Composite States.

When the State is very heterogeneous in composition, including several very different nationalities, there may be a tender sentiment in each nation for itself, but this is not likely to extend to the entire State. Thus, a Scotchman may have a tender feeling for Scotland, an Irishman for Ireland, but their tender affection is not likely to include England, still less Canada and Australia. They may be proud of belonging to so great an empire, but that is another feeling.

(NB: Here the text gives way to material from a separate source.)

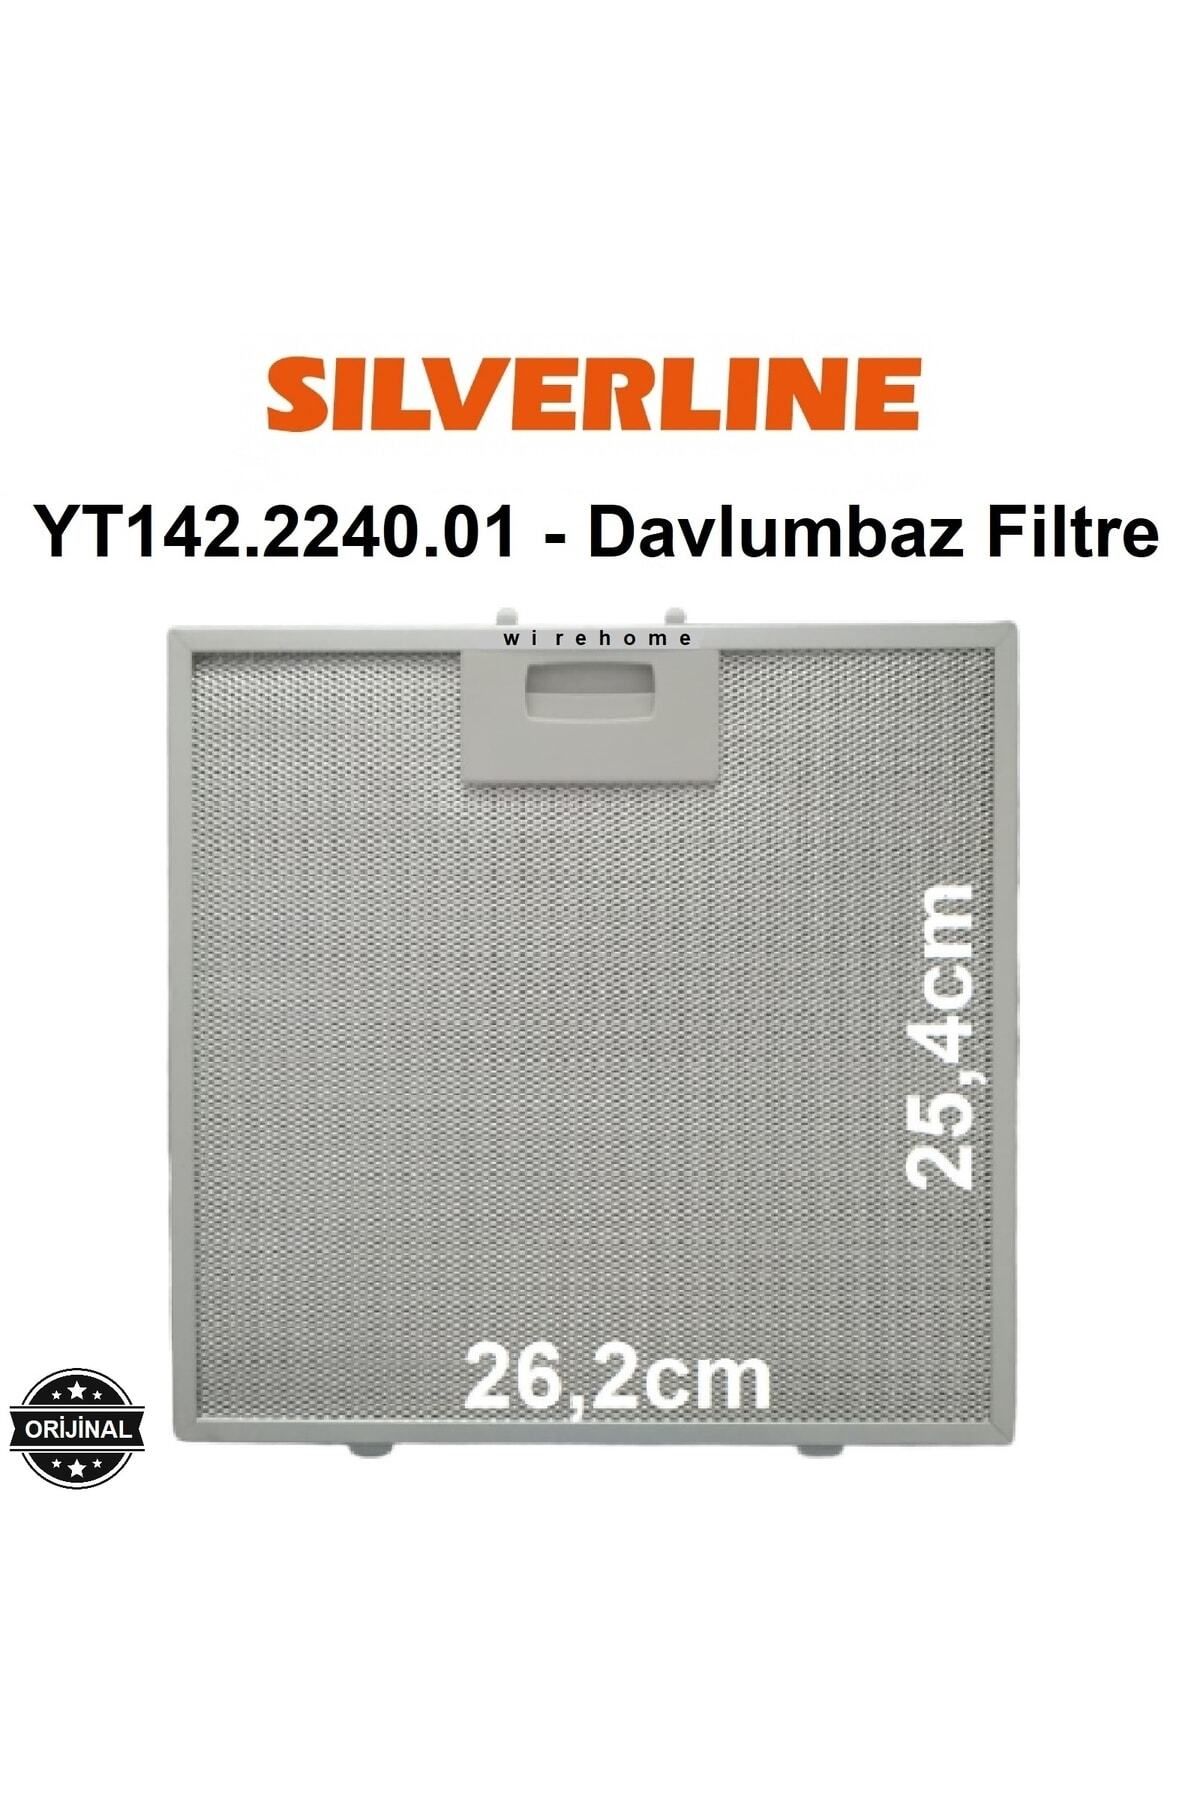 Silverline 2240 Conic Davlumbaz Aspiratör Filtre-yt142.2240.01

Effects of Religion and Poetry.

Utterance of Feeling.

Its Stoical Repression.

Every influence that increases the sensibility of the feelings is likely to increase the tenderness of patriotic sentiment. Religion and poetry are both strong influences in its favour, and a very powerful constant influence is that of a society in which feeling is habitually expressed as it is by the Irish and the French. A society in which the utterance of deep feeling of any kind is repressed by conventional good breeding, and by a kind of external stoicism, is repressive of tenderness in patriotic sentiment. This stoical tendency in the English is more favourable to pride than to love.

Habits of Travel.

Habits of travel, habits of living abroad, cosmopolitan experiences on a large scale, diminish the intensity of local affection by affording opportunities for comparison, and so destroying illusions, especially about the grandeur of landscapes that have been dear to us in youth, and the appearance of houses and towns. After the Alps the English mountains are seen to be only hills, after Paris the northern towns look dismal.

Prosperity, Commercial and Political.

Lastly, a sustained commercial and political prosperity is unfavourable to the tenderness of national sentiment, because a very prosperous nation does not appeal to the pathetic sympathies, does not call for commiseration. The sons of a powerful and rich mother do not feel themselves to be so necessary to her as if she were afflicted and sorrowful.